BUG: DataFrame.rank does not return EA types when original type was an EADtype #62189

sharkipelago · 2025-08-25T17:01:21Z

closes BUG: DataFrame.rank does not return EA types when original type was an EADtype #52829
Tests added and passed if fixing a bug or adding a new feature
All code checks passed.
Added an entry in the latest doc/source/whatsnew/vX.X.X.rst file if fixing a bug or adding a new feature.

I rewrote the method using _mgr.apply but still struggling to figure out why 2 of test_rank.py test cases are failing. Any help or tips are appreciated! They are as follows:

self = <pandas.tests.frame.methods.test_rank.TestRank object at 0x77da84fae490>

    def test_rank2(self):
        df = DataFrame([[1, 3, 2], [1, 2, 3]])
        expected = DataFrame([[1.0, 3.0, 2.0], [1, 2, 3]]) / 3.0
        result = df.rank(1, pct=True)
        tm.assert_frame_equal(result, expected)

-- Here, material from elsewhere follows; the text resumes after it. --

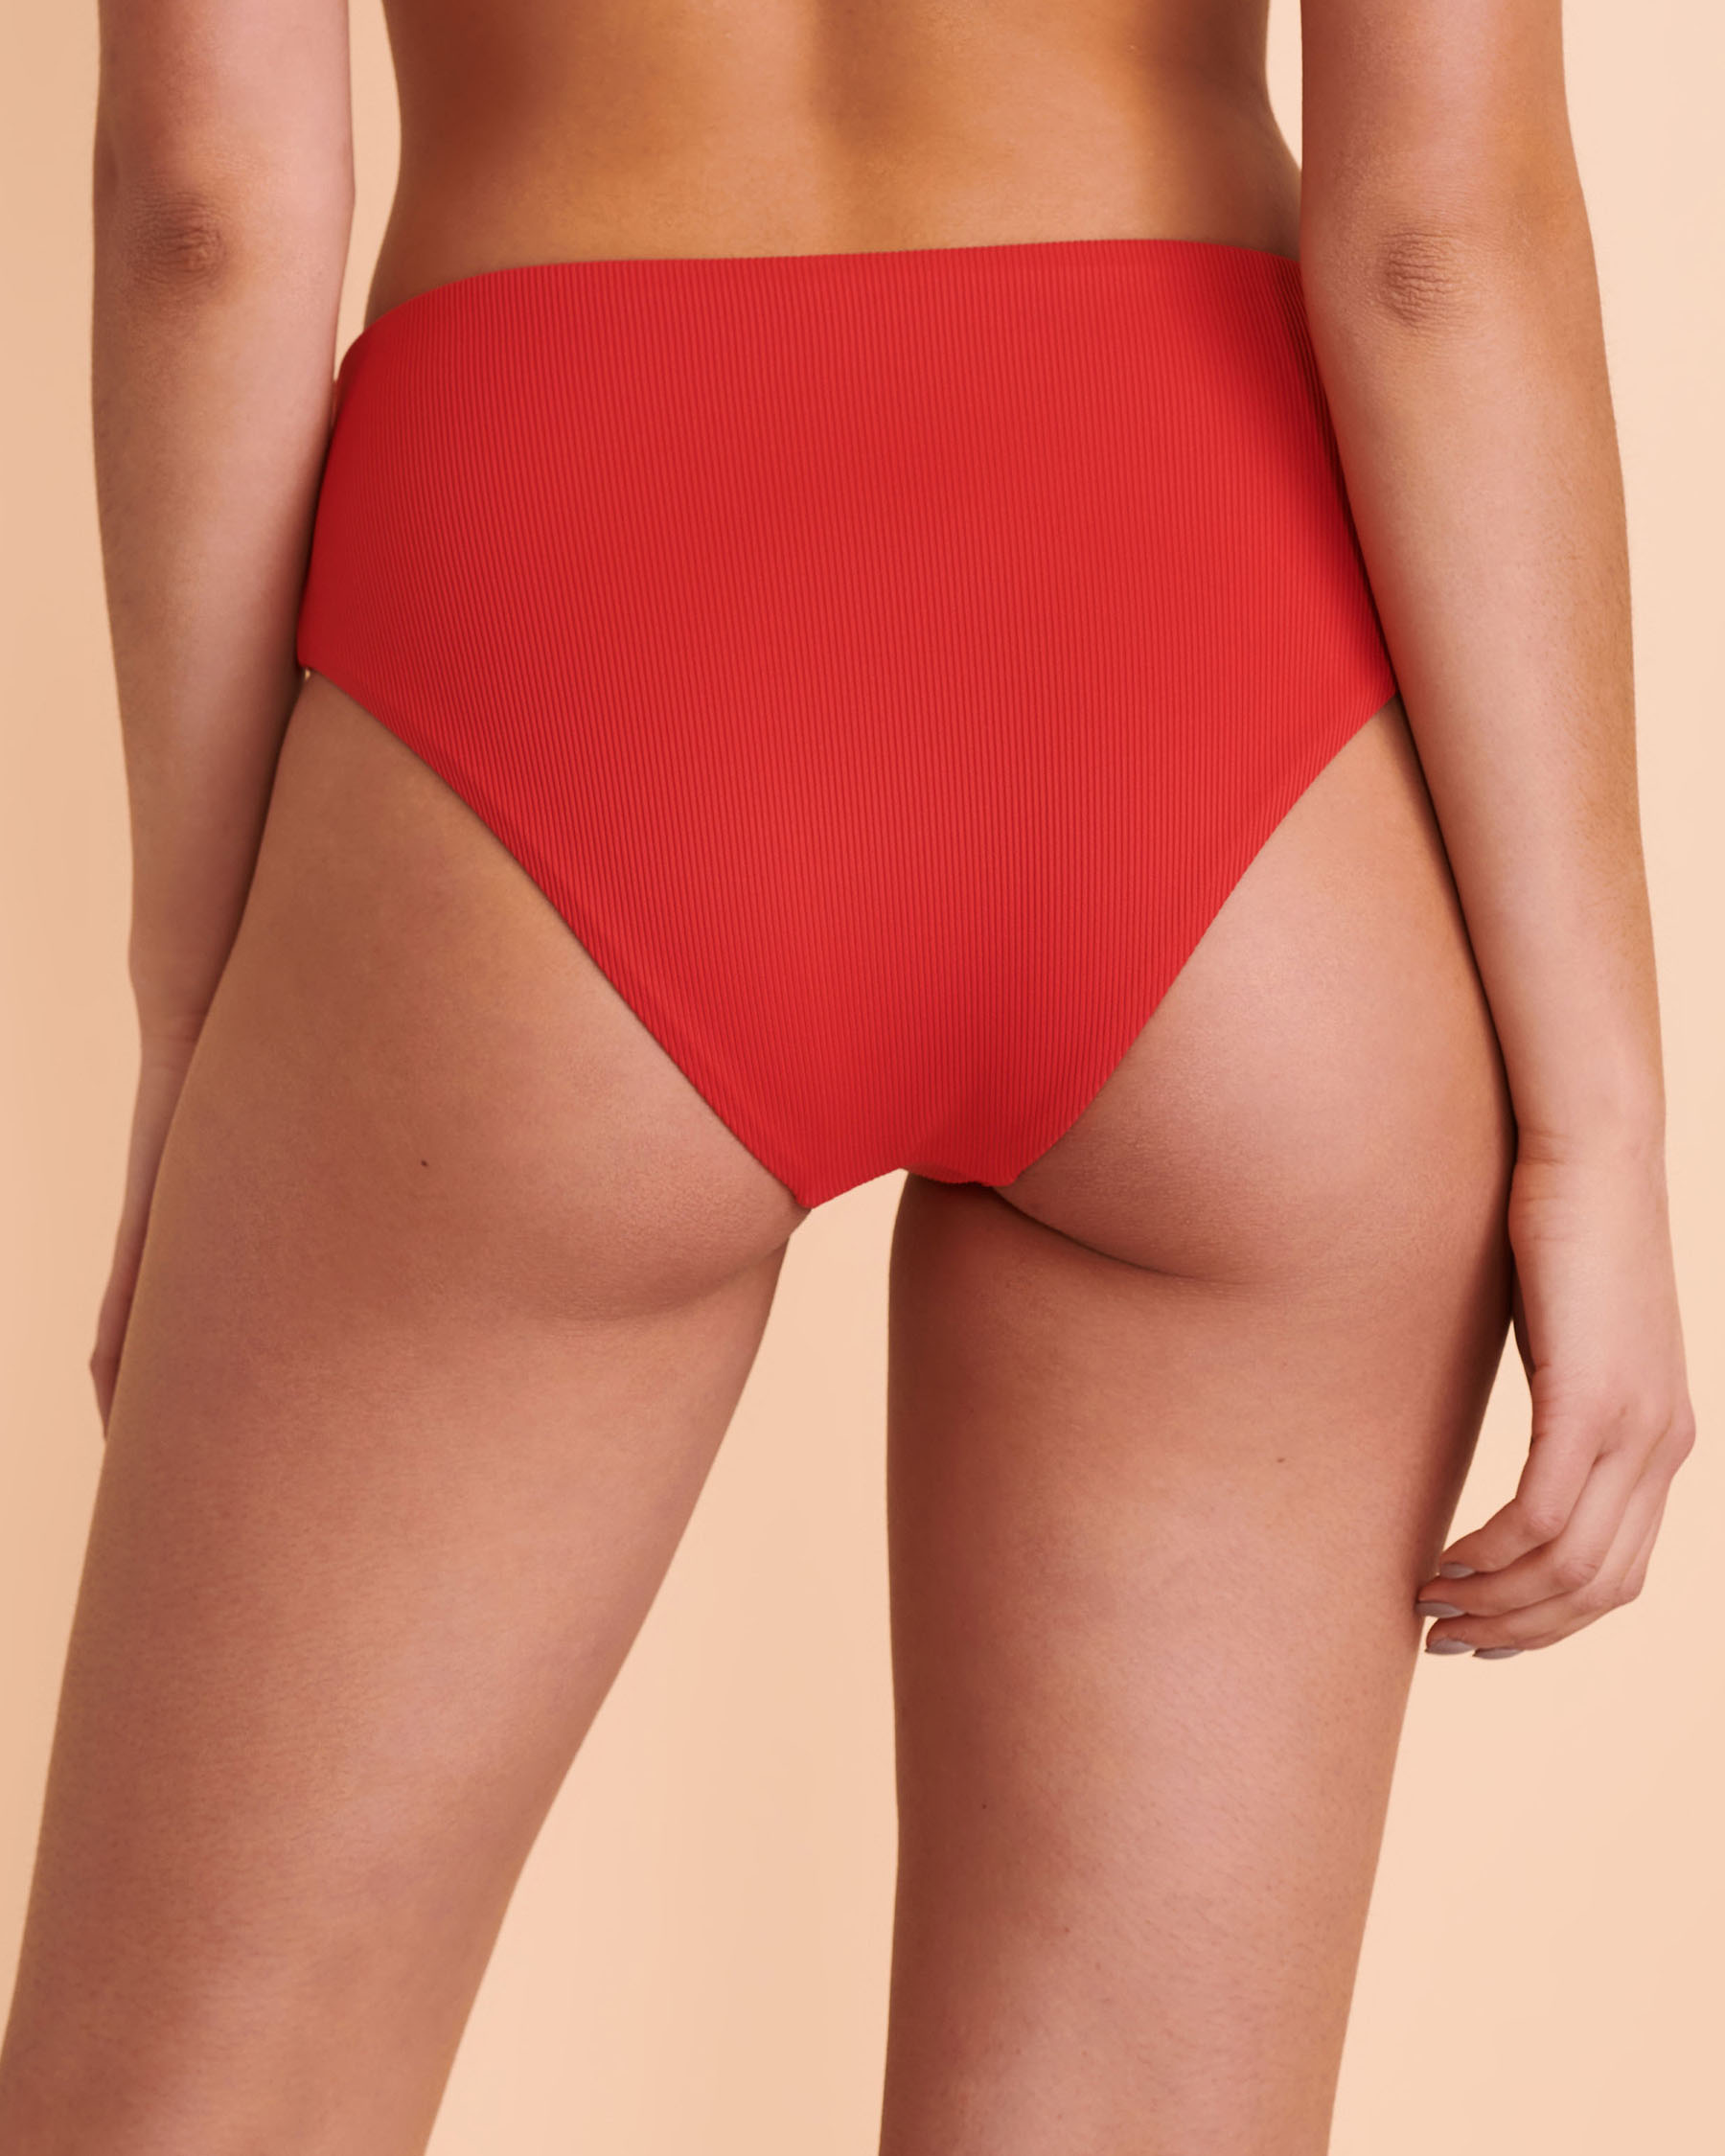 QUINTSOUL MALIBU High Waist Bikini Bottom Red BV21005010 - View2

        df = DataFrame([[1, 3, 2], [1, 2, 3]])
        expected = df.rank(0) / 2.0
        result = df.rank(0, pct=True)
        tm.assert_frame_equal(result, expected)

        df = DataFrame([["b", "c", "a"], ["a", "c", "b"]])
        expected = DataFrame([[2.0, 3.0, 1.0], [1, 3, 2]])
        result = df.rank(1, numeric_only=False)
>       tm.assert_frame_equal(result, expected)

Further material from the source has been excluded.